## Stored data
+ + +

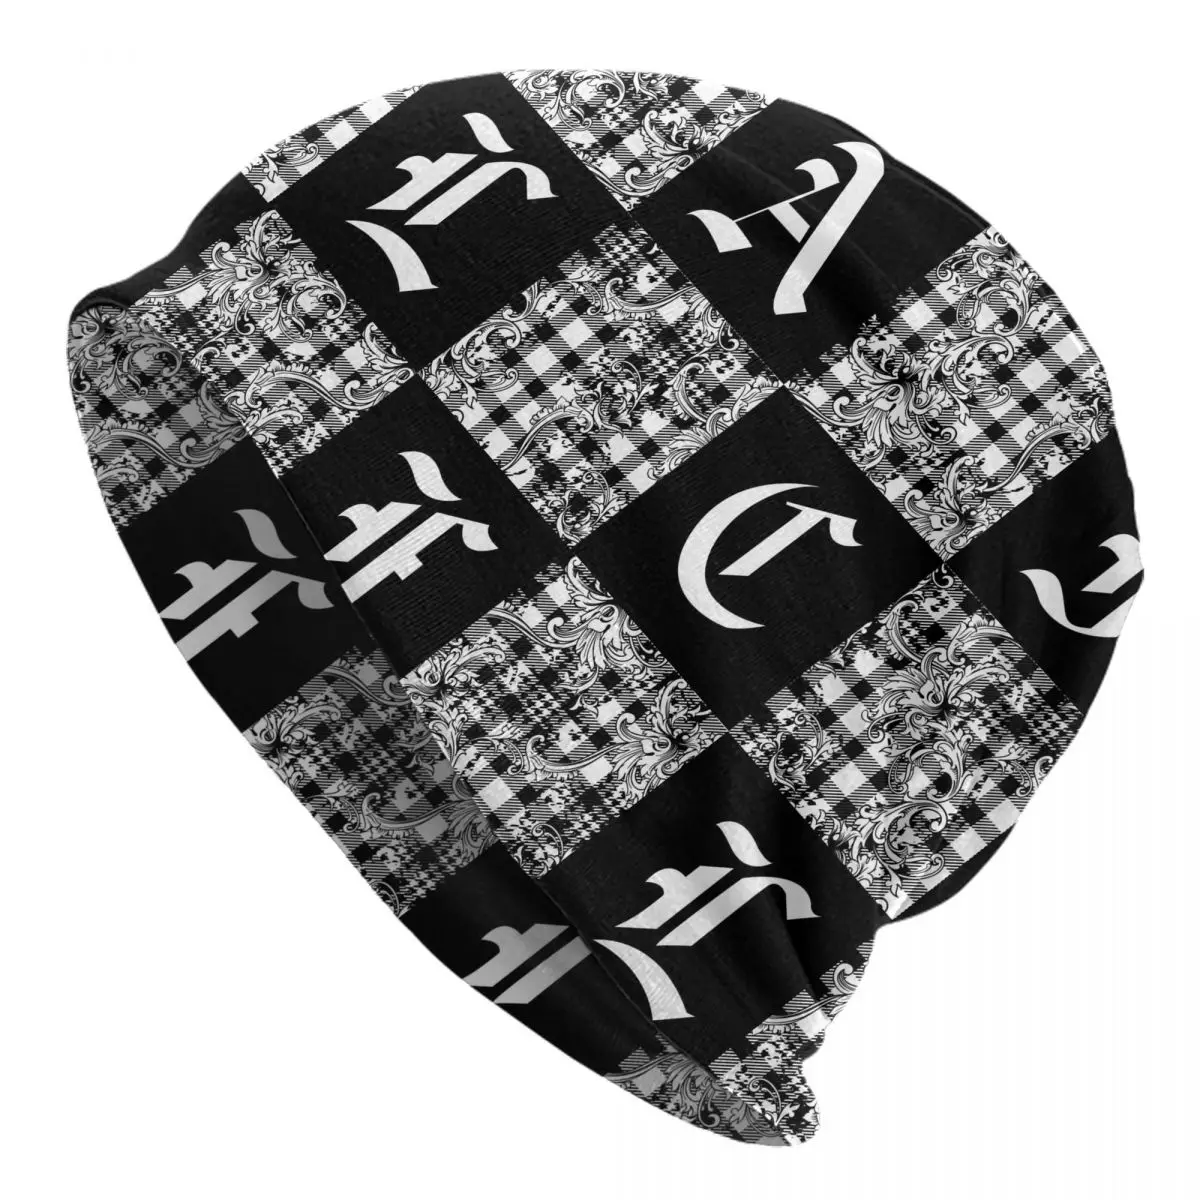 Tartan Design Adult Men's Women's Knit Hat Keep warm winter knitted hat
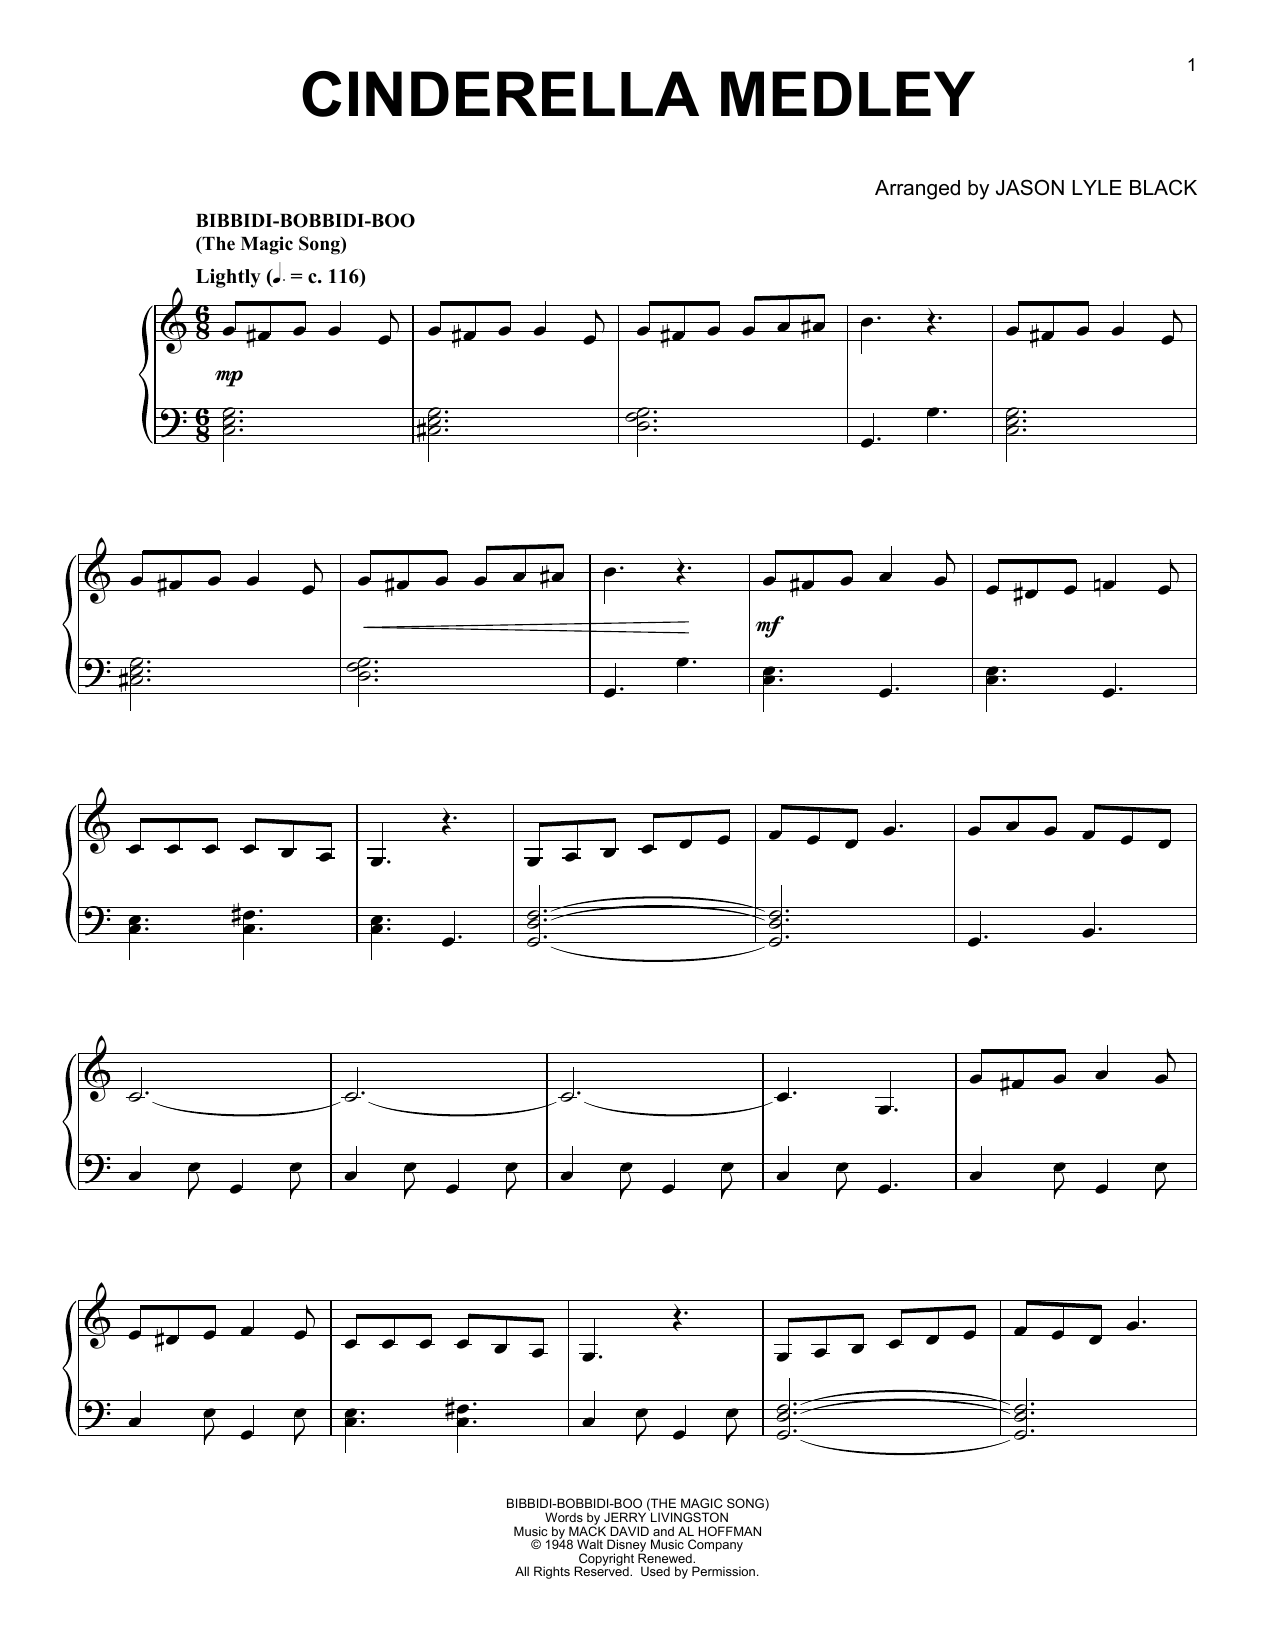 Mack David, Al Hoffman and Jerry Livingston Cinderella Medley (arr. Jason Lyle Black) Sheet Music Notes & Chords for Piano - Download or Print PDF
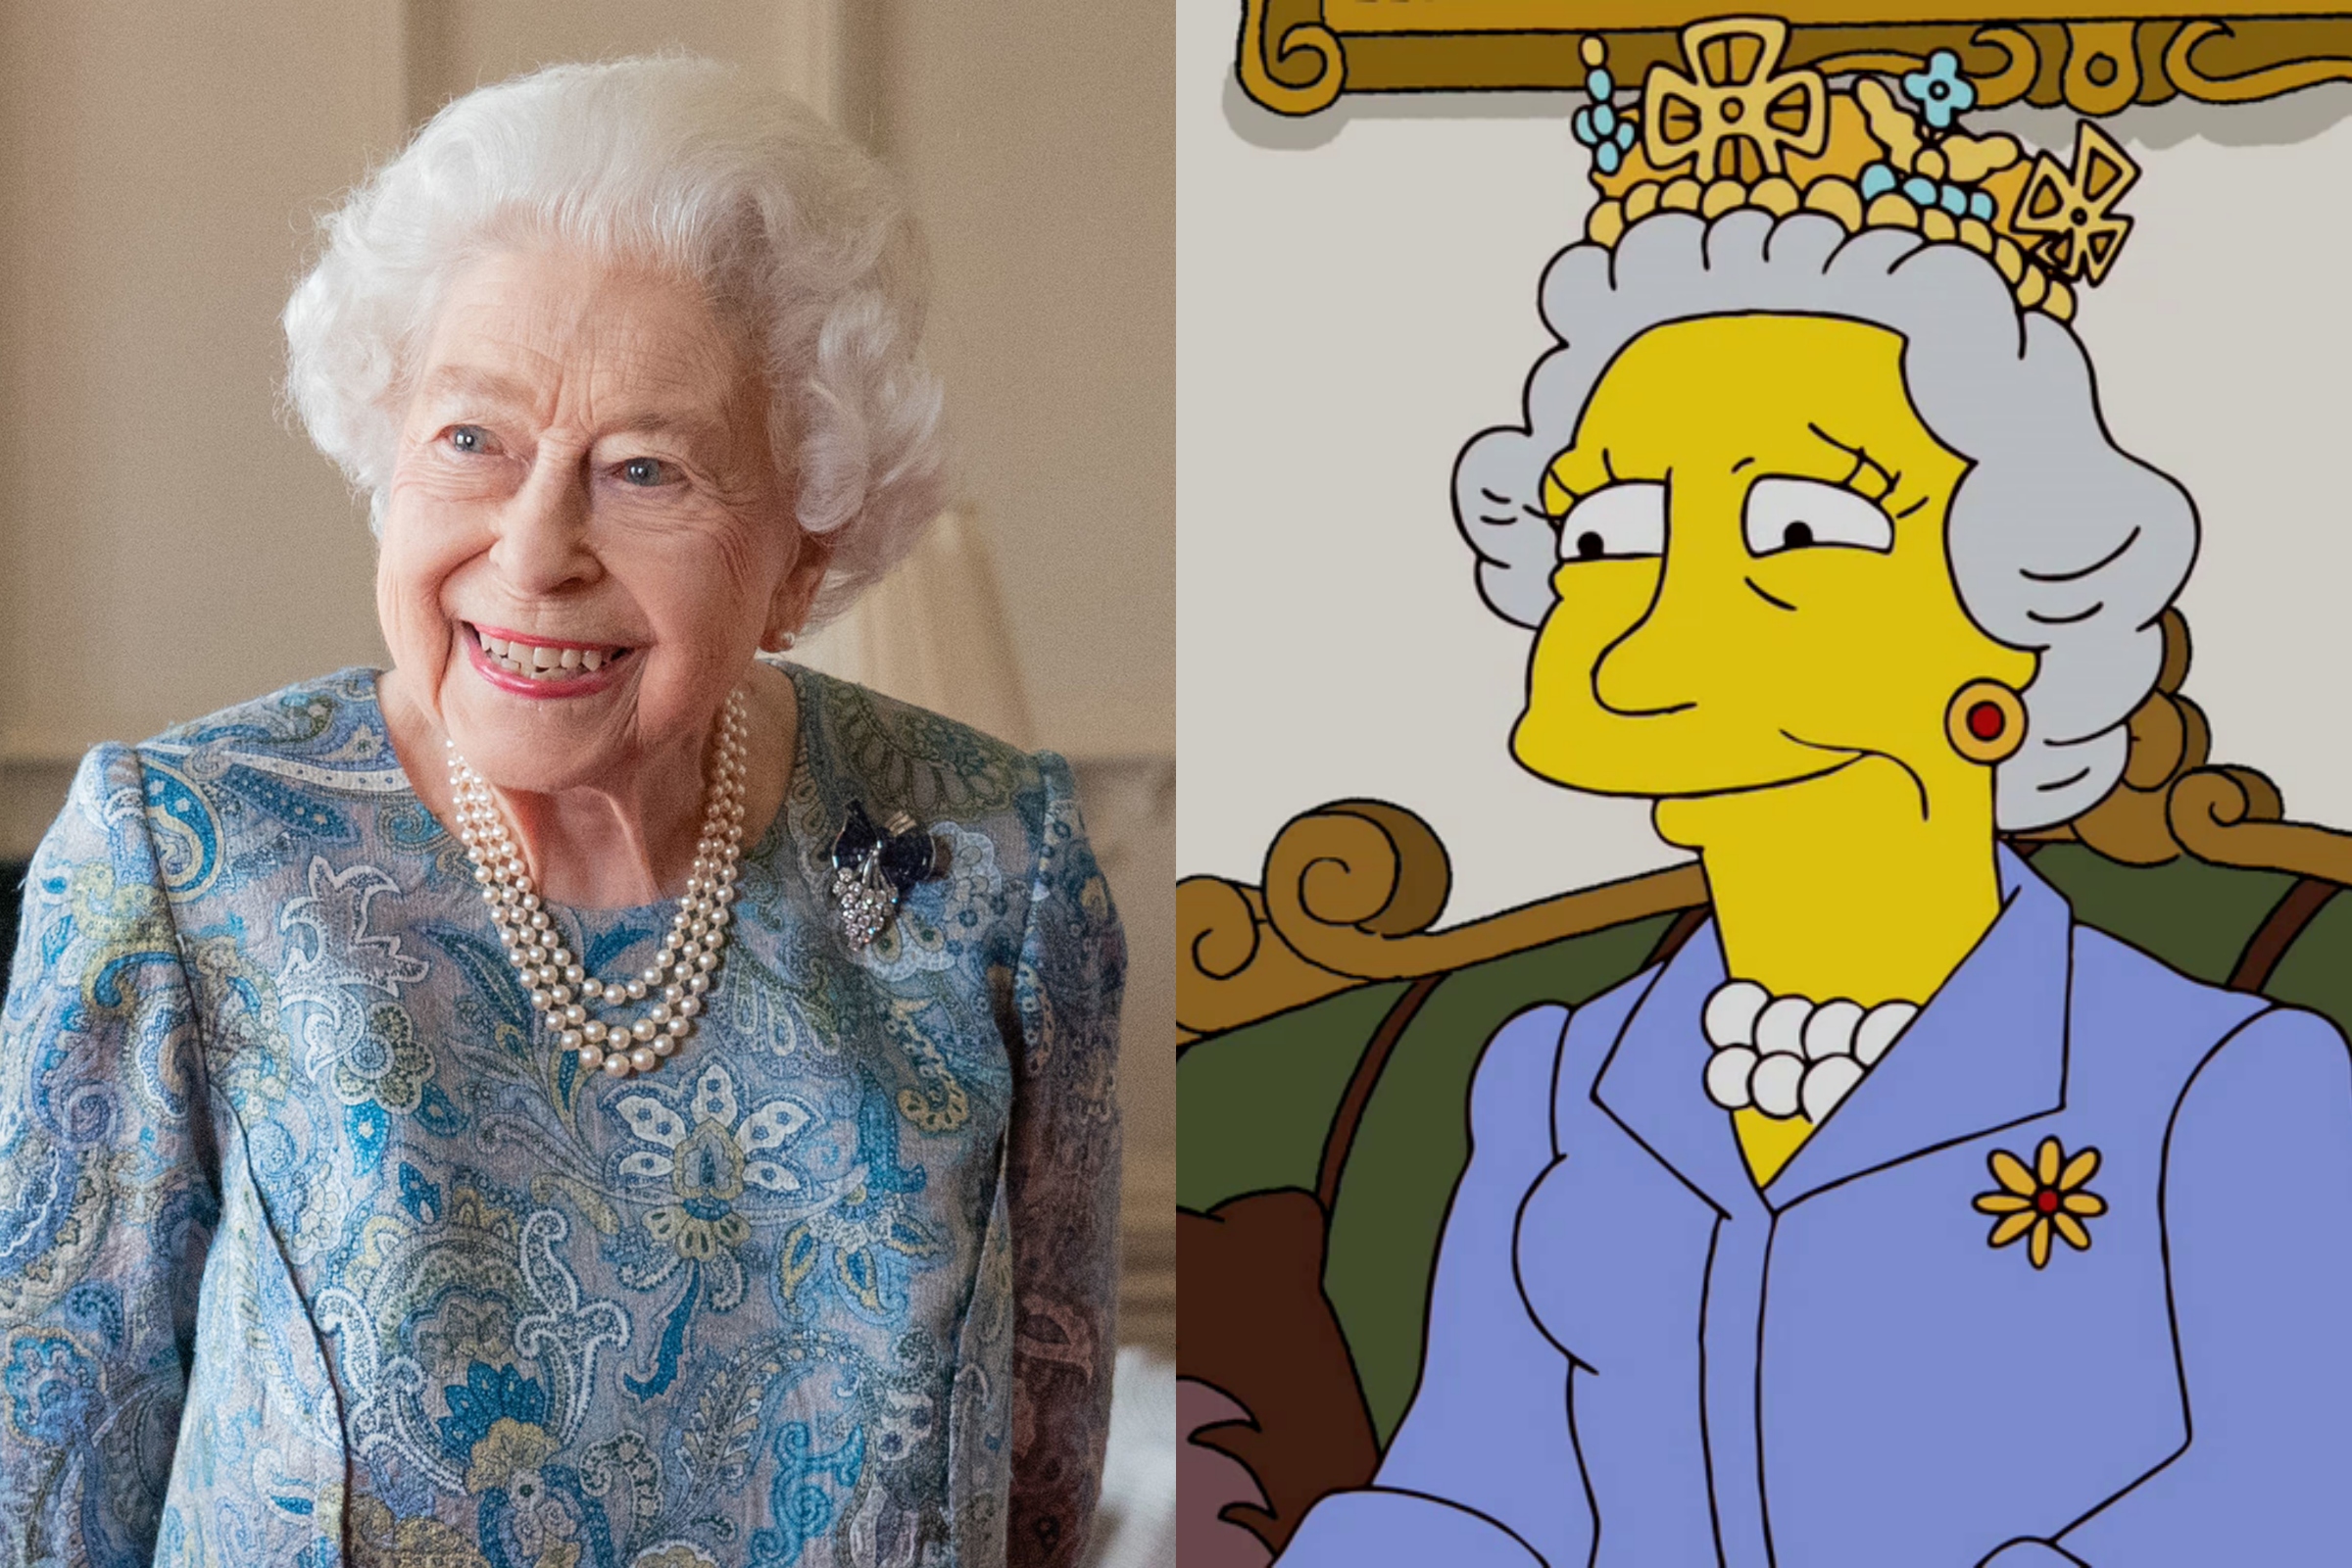 No, 'The Simpsons' Did Not Predict the Death of Queen Elizabeth II

+ + +

## Description of the task
Apart from the images, reproduce the listing exactly as it appears.

## Result for this exercise
 Tartan Design Adult Men's Women's Knit Hat Keep warm winter knitted hat
 Mack David, Al Hoffman and Jerry Livingston Cinderella Medley (arr. Jason Lyle Black) Sheet Music Notes & Chords for Piano - Download or Print PDF
 No, 'The Simpsons' Did Not Predict the Death of Queen Elizabeth II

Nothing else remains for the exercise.